Was hat dich am meisten fasziniert?

Caja Schöpf: „Wir haben wunderbare Sonnenaufgänge und eine völlig menschenleere Zugspitze erlebt. Da nimmt man auch schlechten Schnee bei der Abfahrt oder gar keinen in den tieferen Lagen in Kauf. Manchmal war es eben mehr Wandern und Bergsteigen mit Steigeisen und den Brettern auf dem Rücken als Skitourengehen. Zum Teil haben wir auch das E-Bike für den Zustieg genommen. Es war trotz allem ein unglaubliches Erlebnis.“

Apropos unglaublich. Skitouren waren wegen großflächig geschlossener Skigebiete der absolute Trend im vergangenen Winter. Die Sportgeschäfte waren regelrecht leergekauft. Wie siehst du diese Entwicklung?

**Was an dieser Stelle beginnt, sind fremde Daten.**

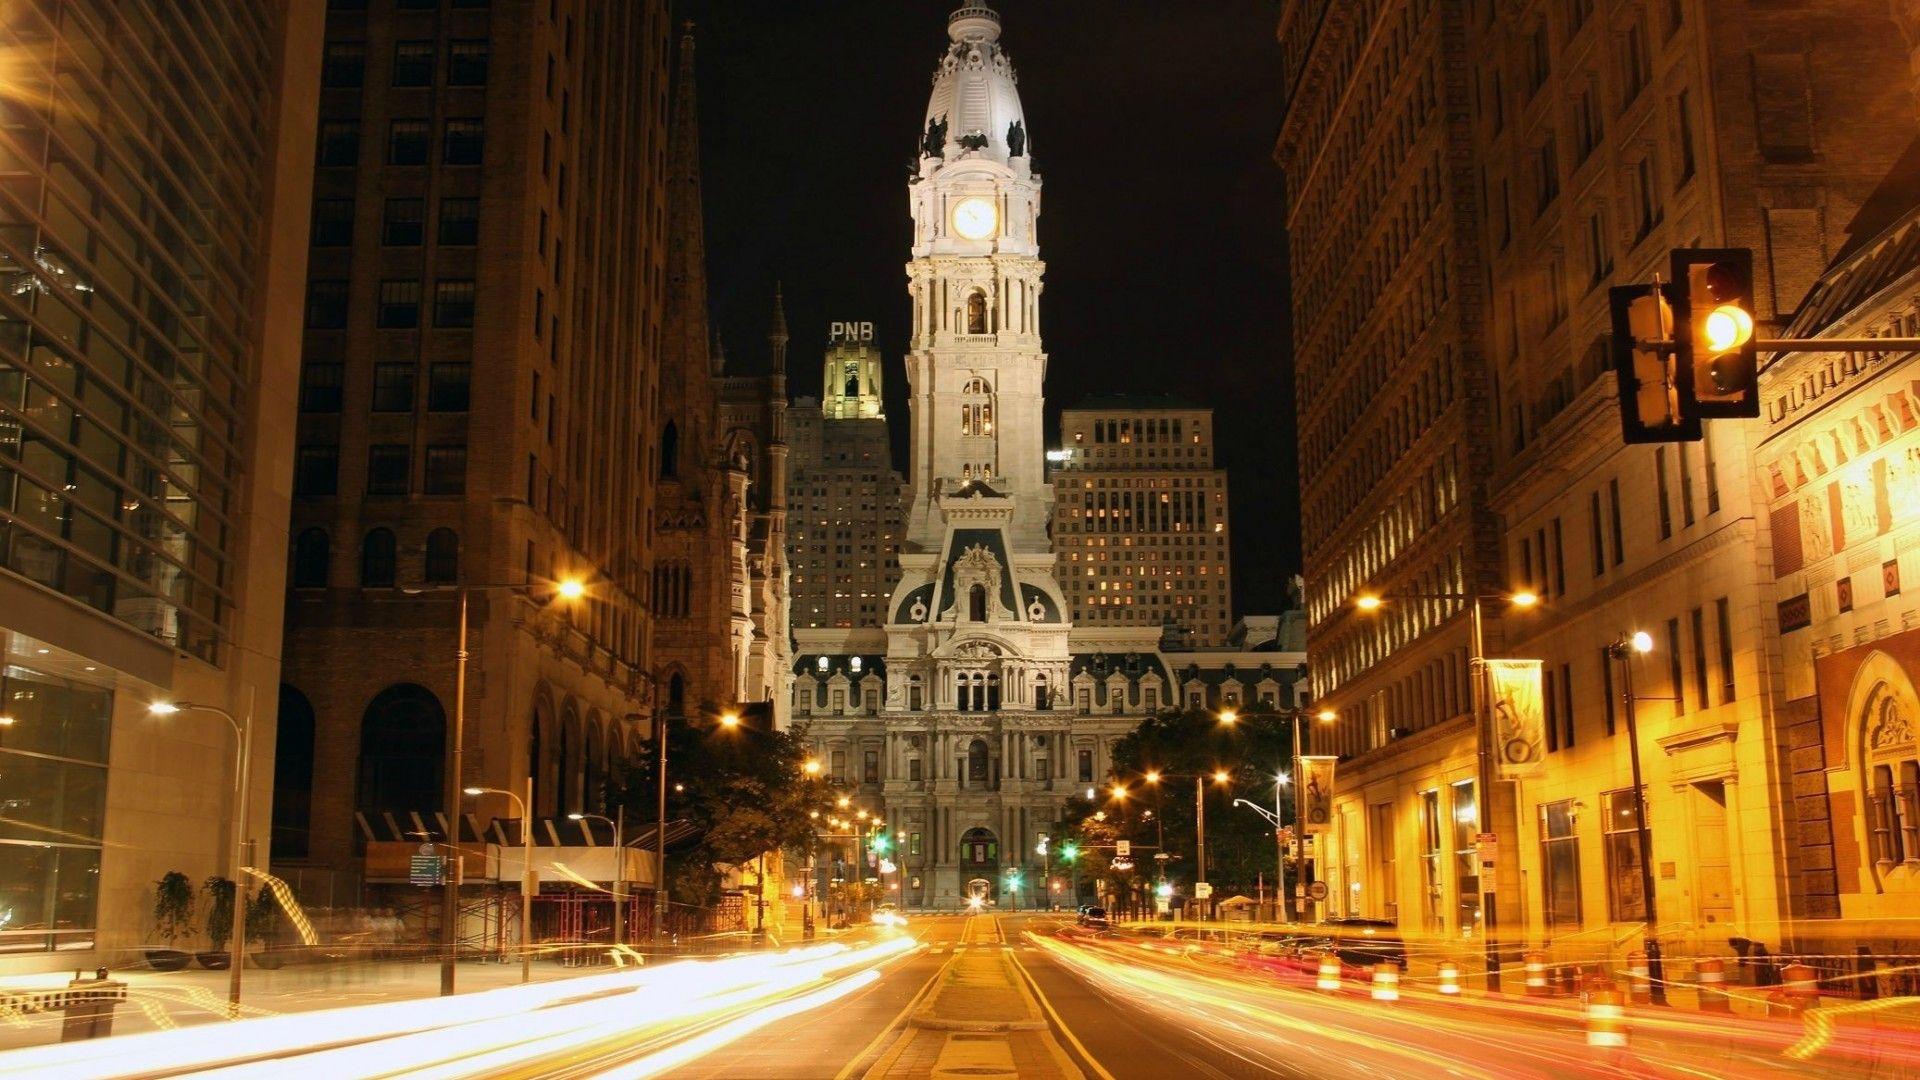 Philadelphia computer background

Caja Schöpf: „Einerseits freut es mich sehr, dass die Menschen die Natur neu entdecken und sich in den Bergen bewegen wollen. Andererseits war der Andrang gerade für die Einheimischen in den bayerischen Alpen teils unerträglich, weil sich alles wegen der geschlossenen Grenzen auf engstem Raum konzentriert hat.“

Was war so schlimm?

Caja Schöpf: „Es ging von völlig zugeparkten Ortschaften über zurückgelassen Müll bis dahin, dass sich keiner mehr die Mühe machte, eine Toilette für sein Geschäft aufzusuchen oder dies zumindest unentdeckt zu lassen. Die Stimmung war sehr angespannt, auch wenn sich natürlich nur wenige danebenbenommen haben. Manch einem fehlt es einfach an Manieren. Aber hauptsächlich mangelte es schlicht am Wissen, worauf es in den Bergen und speziell bei einer Skitour ankommt. Das beginnt beim Equipment, geht bei der Tourenplanung und dem Know-how in Sachen Lawinen und den objektiven Gefahren im freien Gelände weiter. Außerdem fehlt oft auch das Bewusstsein und Wissen bezüglich Natur und Tierwelt, wo sich zum Beispiel Schutzzonen befinden, die man achten und respektieren muss. Hier braucht es viel Aufklärungsarbeit und professionelle Begleitung durch einen Bergführer für all die, die in Sachen Skitouren Blut geleckt haben und nicht auf gesicherten Routen in Skigebieten unterwegs sein wollen.“

Glaubst du, dass der Trend grundsätzlich weg von den Skigebieten geht?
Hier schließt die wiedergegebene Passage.